I have my own opinion on this whole "DI" versus "piston" subject, but I won't get into it at this time. However, one thing I will say is that everyone who mentions Eugene Stoner's patent as some sort of authority on the use of the term "piston" in the context of an AR style rifle is wrong.
It is very well known in patent law that the person applying for the patent application can use and redefine words however they want in their patent. Just like some of you are sick of hearing people say something that (you think) is technically wrong, I am sick of people saying something that is legally wrong.
IV. APPLICANT MAY BE OWN LEXICOGRAPHER
An [patent] applicant is entitled to be his or her own lexicographer and may rebut the presumption that claim terms are to be given their ordinary and customary meaning by clearly setting forth a definition of the term that is different from its ordinary and customary meaning(s).

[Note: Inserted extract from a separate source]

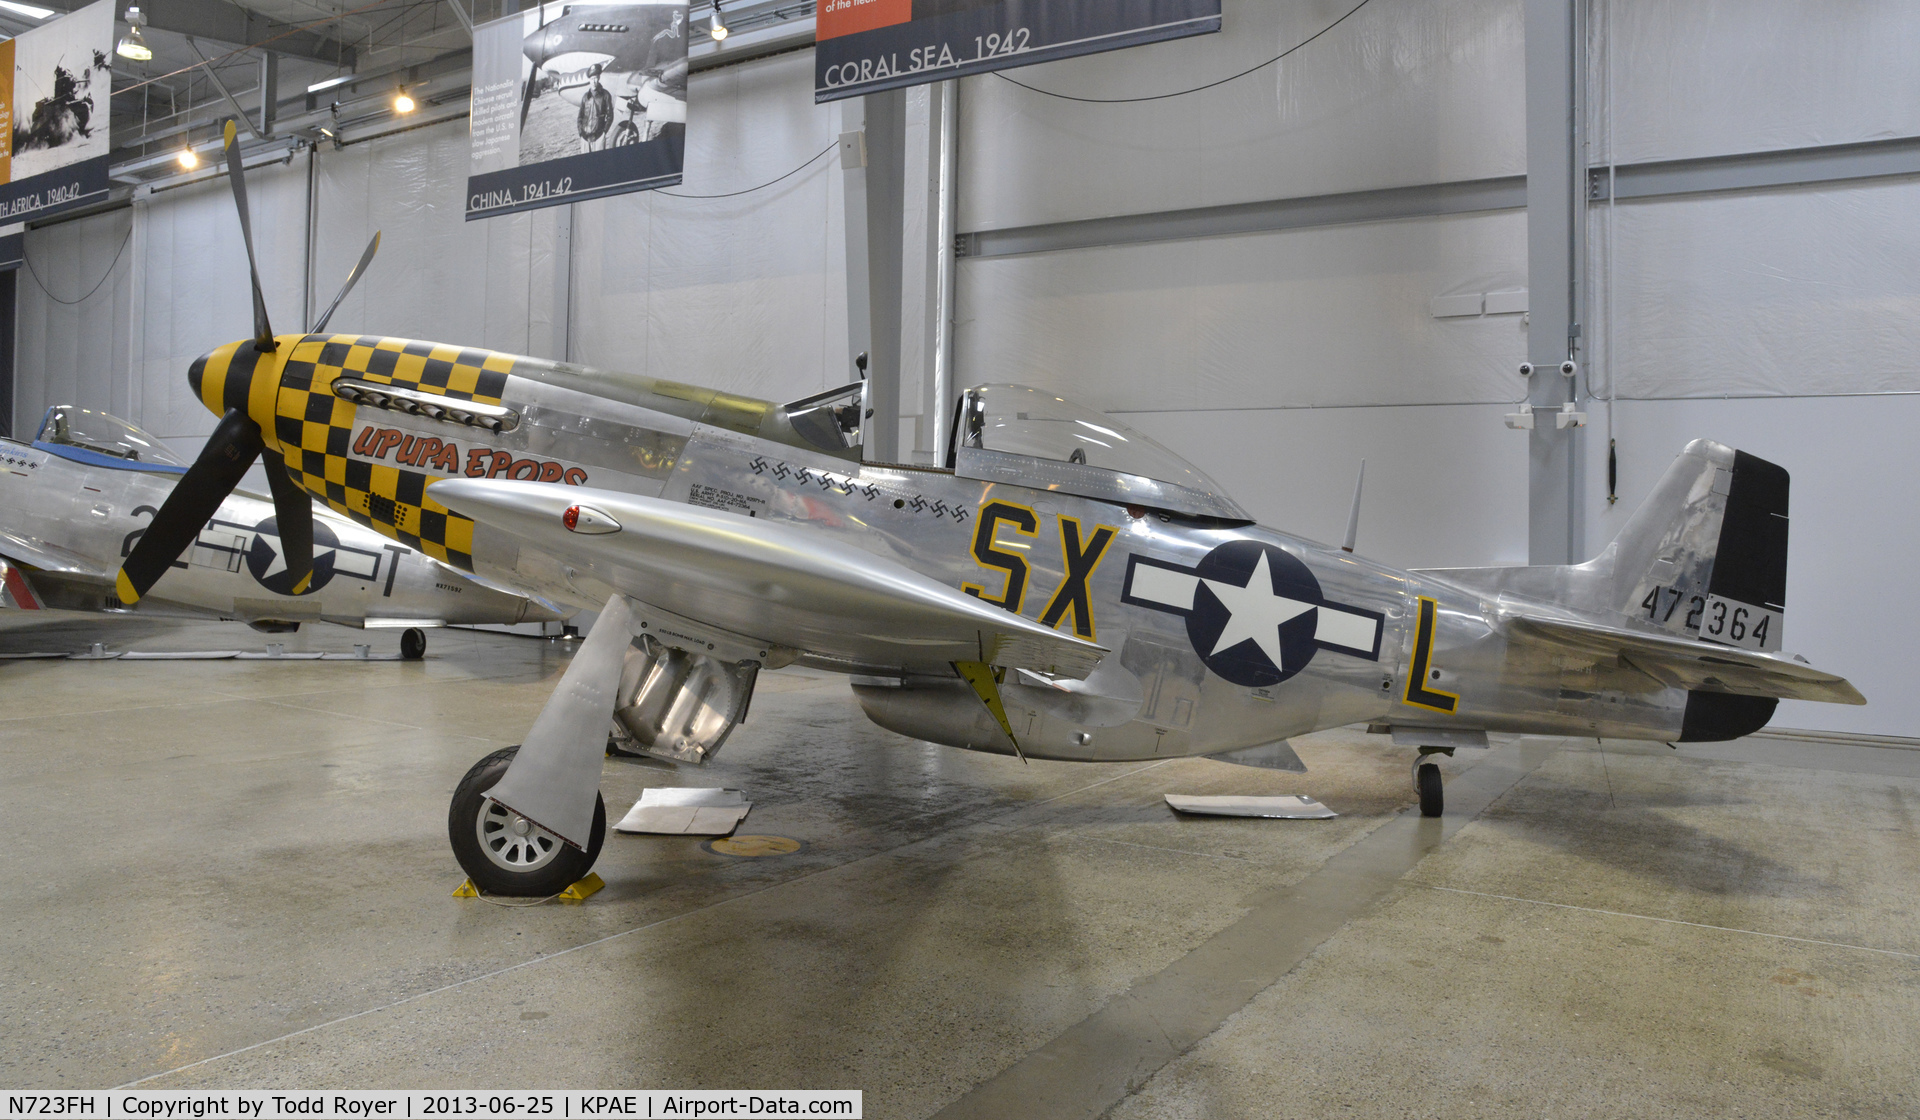 N723FH, 1944 North American P-51D Mustang C/N 44-72364, Part of the Flying Heritage Collection
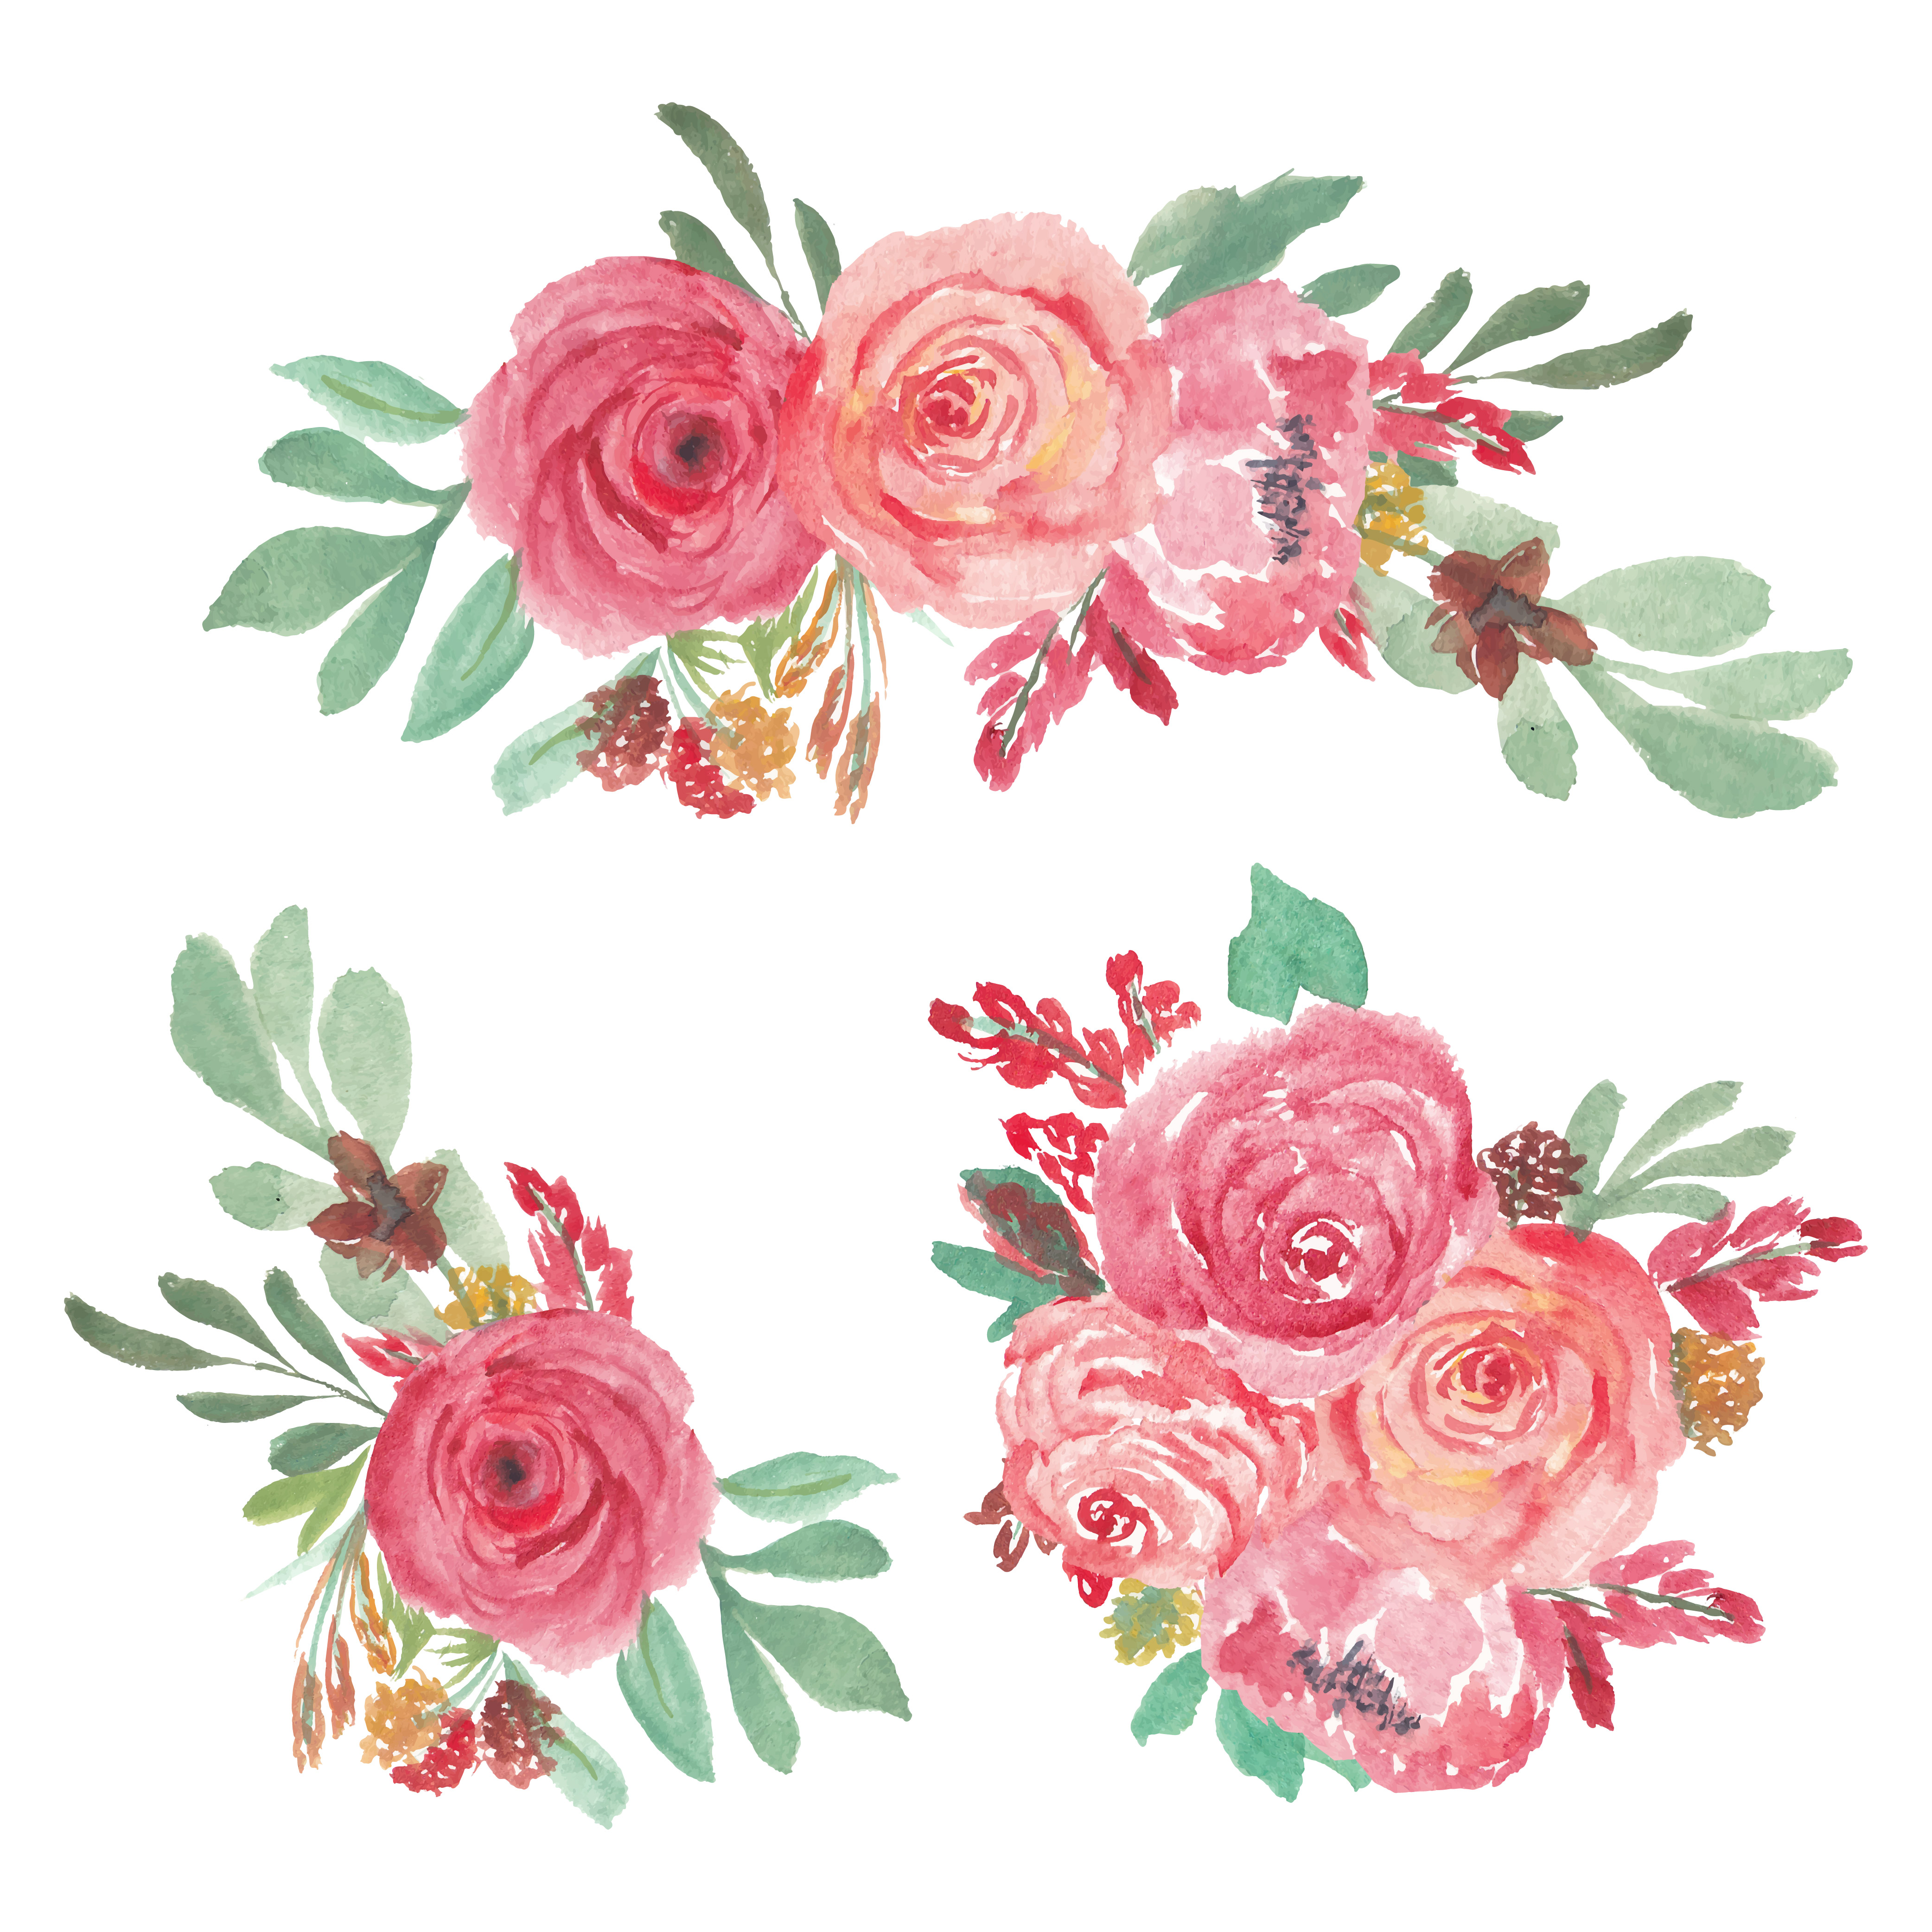 Download Rose Floral Arrangement Collection in Watercolor Painting ...

See In re Paulsen, 30 F.3d 1475, 1480, 31 USPQ2d 1671, 1674 (Fed. Cir. 1994)
http://www.uspto.gov/web/offices/pac/mpep/s2111.html
So Eugene Stoner could have called his rifle's gas system a jelly doughnut system, and that would have been absolutely fine legally, and it would have been written in his patent. But that doesn't make his rifle's gas system a jelly doughnut system.